What are the dos and don'ts regarding cleaning a bamboo cutting board?
How to let it live a long life?

I heard people talking about using mineral oil w.r.t the same. How much and when use it?

  • most mineral oil is petroleum based and it'll be in contact with your food, if you're ok with it, consider finding food-grade mineral oil.
    – MandoMando
    May 25, 2013 at 22:33
  • Food grade is definitely implied here.
    – SAJ14SAJ
    May 31, 2013 at 8:10
  • 1
    An inexpensive such mineral oil is sold by IKEA. Sep 30, 2016 at 8:44

7 Answers 7


The care of bamboo cutting boards is extremely similar to that of traditional wood cutting boards:

  • Prime them with mineral oil, and refresh it every month or so. (Wipe with oil, let sit for a while, perhaps 15-20 minutes, wipe off).
  • Wash only with mild soap, and rinse and dry immediately. (Wipe off and let air dry.) Don't put in a dishwasher.
  • If using for raw meat, you can sanitize with a very dilute bleach solution (about a teaspoon of liquid bleach per quart of water, 5 mL per liter). Rinse thoroughly afterwards.

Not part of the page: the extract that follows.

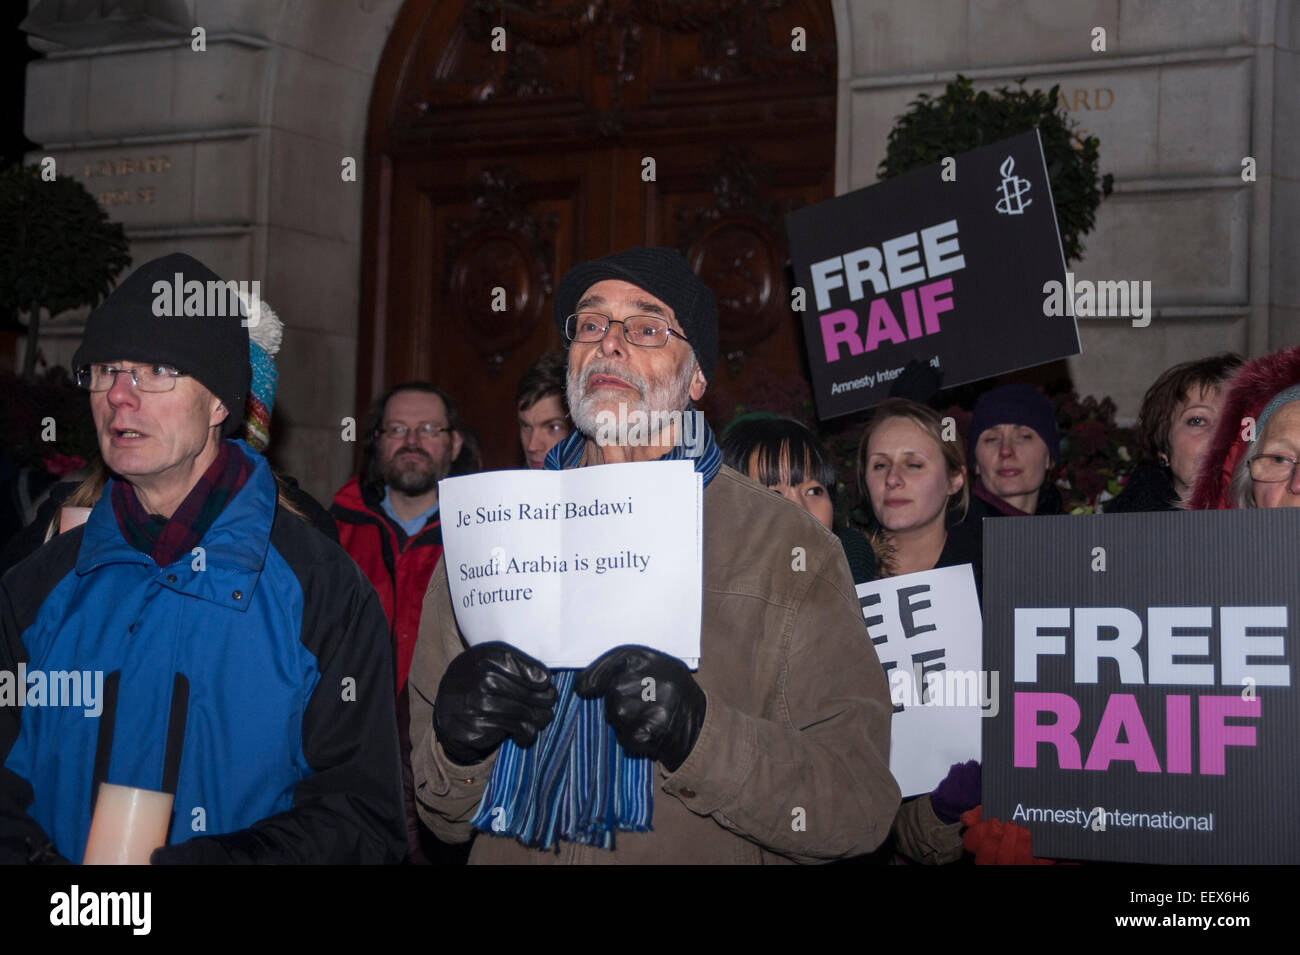 London, UK, 22 January 2015.  Outside the Saudi Arabian Embassy in London on 22 January 2015 people gather to attend - Stock Image

I bought coconut oil just for my bamboo cutting boards. I am not going to use a petroleum product like mineral oil for all kinds of reasons.

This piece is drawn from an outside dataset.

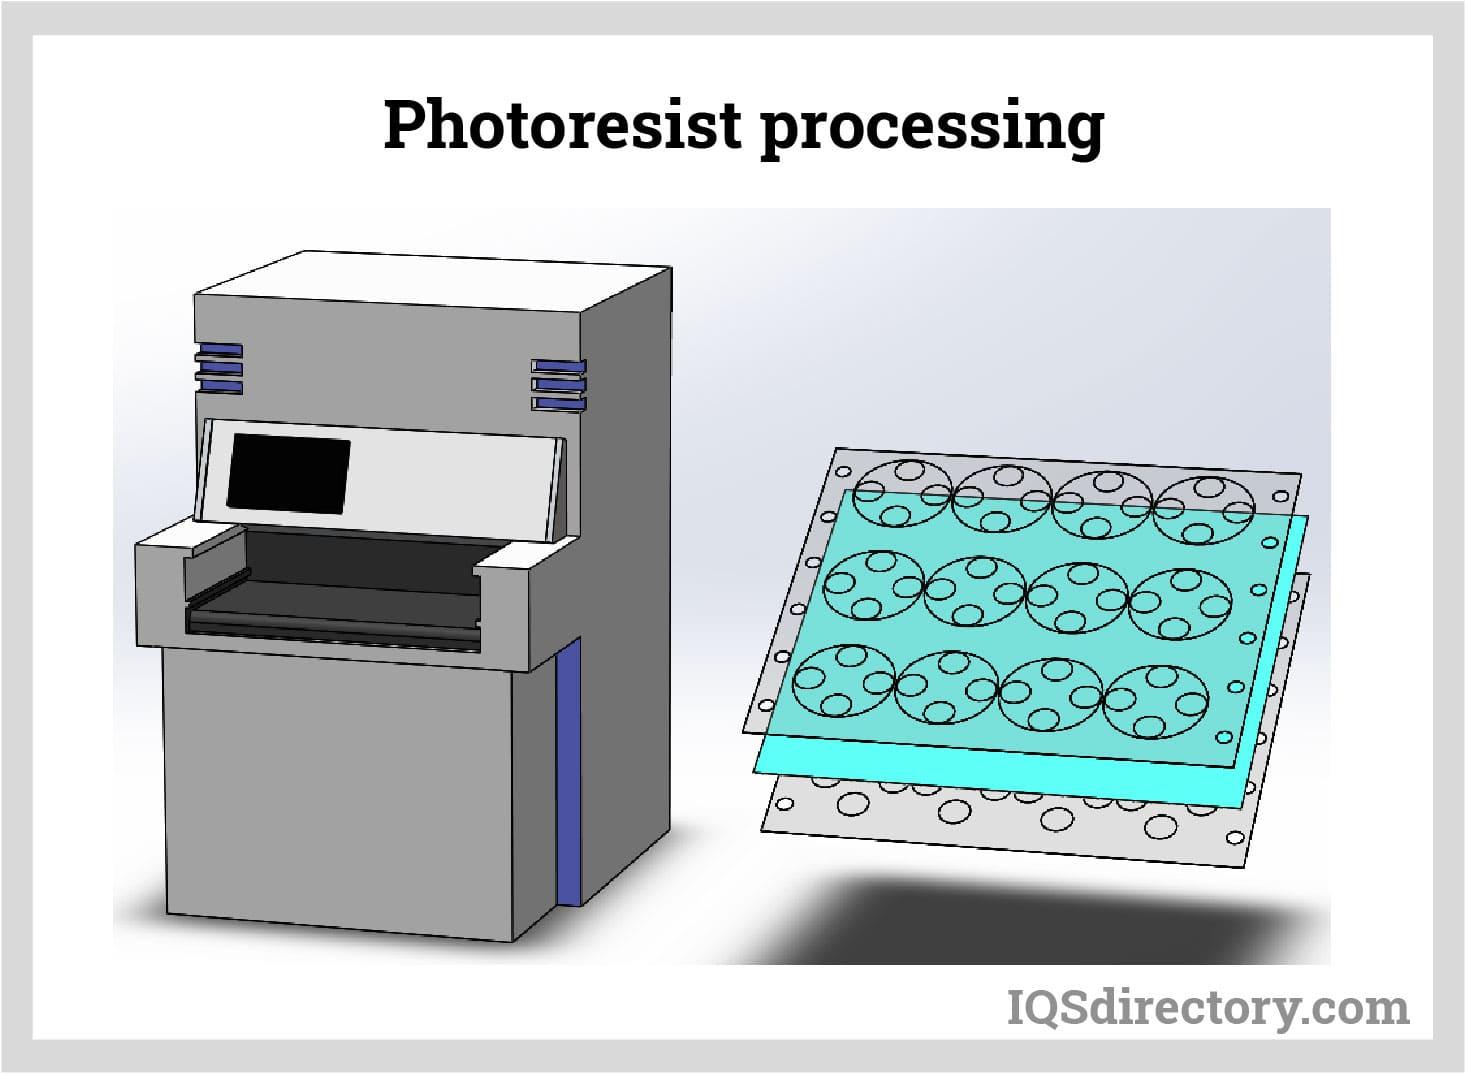 Photoresist processing

I can't use any dish soaps so I did research on cleaning. I want my dishes to be at least as clean as ones washed with dish soap. I learned that it is not the product used, it is the rubbing motion that does the cleaning. So I wash things with baking soda dissolved in hot water. I use it for pretty much everything. Dishes, clothes, me. Soaking baked on stuff over night with baking soda works great. Probably not for my cutting board though. I also use vinegar and water. I don't use the baking soda and vinegar together for things other than laundry. Putting them together just creates a base. The chemical reaction provides cleaning for laundry, but I don't think it does much for hard surfaces. Vinegar was used in hospitals in England during the cholera epidemic. It is much better and safer than bleach. Also safer than dish soap that can make you sick of not rinsed well.

I have had wood cutting boards warp from getting too wet. I have just set them with the warp up and steamed them from the bottom with a waight on top. Straightened quite well.


Owning a bamboo cutting board is no different than any other style of wood. Rub it down with your preferred oil, i personally use peanut oil but mineral oil works as well. You can wipe the cutting board down with white vinegar to help sanitize it. Never leave water or juice from meats or veggies sitting on the cutting board for an extended period of time as it will warp the wood and cause the surface to become uneven.


I use lemon oil and olive to to keep my bamboo board looking new and smelling nice. After each use, I rinse it with hot vinegar water, then apply a light coat of the oil. 30 drips lemon oil to 1/4 cup olive oil. This is also what I use to polish my wood furniture. A little goes a long way! I use paper towel on cut board, but a soft cloth for furniture! My home smells nice too.


Please don't use the coconut oil you use for cooking to condition your wood/bamboo cutting board. It will attract bacteria and go rancid. They do make specially processed coconut oil for cutting boards, but it is not the same thing. If petroleum bothers you, try beeswax. Generally speaking, if you can cook with it, don't use it to condition your cutting boards. Here is a good list of safe conditioners.

Coconut oil is not the solution to everything. Lots of things, but not this.


Refined coconut oil, such as Dunn’s River, is what I use occasionally to ‘season’ the bamboo cutting board (it does NOT go rancid, as warned in an earlier post). After thoroughly cleansing the board, and while the board is still damp, I apply a very thin layer of coconut oil dabbed on kitchen tissue. The dampness helps to keep the oil on the upper surface*, without absorbing the oil into the thickness of the board. As the board dries the bamboo is rejuvenated. [* as oil always remains above water].

Where room temperature is around 22 degree C, the advantage with coconut oil is that it is still in jelly form and helps to be spread as a thin layer on the damp board. Adding lemon oil could be good, but I haven’t tried it.


I use lemons and corse kosher salt to sterilize and remove stains. After the board dries, season with mineral oil. I get the kind you use for a laxative to make sure its food grade!